The Philadelphia Inquirer? Not so much:
America deserves much more than an aspiring autocrat who ignores the law, is running to stay out of prison, and doesn’t care about anyone but himself.
The better angels of our nature demand it.
There is only one candidate — Kamala Harris — who will preserve, protect, and defend the Constitution of the United States from foreign and domestic enemies.
So help us, God.
Confronted as we are with what not to do, Anand Giridharadas at The Ink asks “our go-to messaging expert,” Anat Shenker-Osorio, to advise readers on how to fight the good fight. I’ll just list the bullets (with some light comments).
- Do: Run like you’re leading the winning team
- Don’t: Act like underdogs
- Do: Call out what you’re against
- Don’t: Feed what you’re fighting
This cuts across the grain of progressives who insist on proving to everyone how smart they are by refuting (with facts) whatever lies our opposition tells.
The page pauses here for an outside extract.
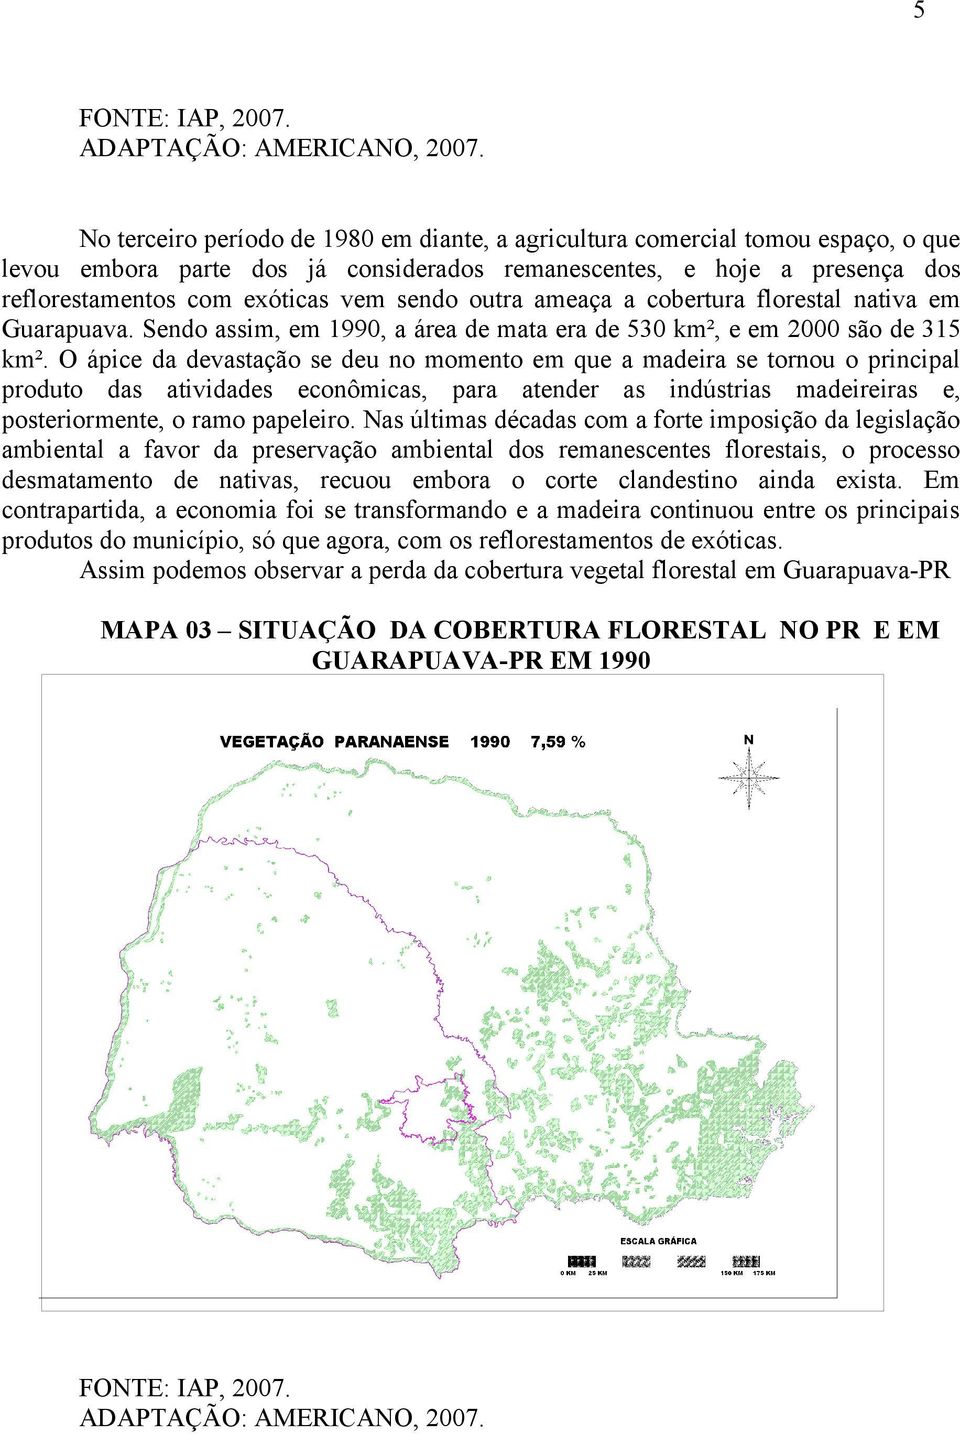 outra ameaça a cobertura florestal nativa em Guarapuava. Sendo assim, em 1990, a área de mata era de 530 km², e em 2000 são de 315 km².

It doesn’t work. It leaves Democrats fighting on the GOP’s turf and arguing they are GOP-lite. To soften up Trump’s support ASO suggests, “You have to run against your opposition and not against the people that your opposition reviles.”
- Do: Tell the bigger story on gender
- Don’t: Accept received wisdom on male voters
- Do: Sell the brownie, not the recipe
We’ve been on brownies plenty of times.
- Don’t: Forget the job of campaigning
Don’t forget that political races are not just contests of ideas, but contests of skills. Go hone your skills with campaigns where you are. See if your county committee has “game.” (Many don’t.) They want and need you.
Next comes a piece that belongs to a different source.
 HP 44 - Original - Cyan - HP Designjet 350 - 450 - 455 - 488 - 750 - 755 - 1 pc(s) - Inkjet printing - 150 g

I recorded an abbreviated For The Win webinar on Tuesday for Illinois county chairs. “But they’re not a swing state,” a friend said. Why bother? Because they’re not a swing state. See all that red? How often do those less-populated rural counties covered in soybeans, corn, and wheat in not-a-swing-state see a presidential race set up shop there and show ’em how it’s done? Wanna guess?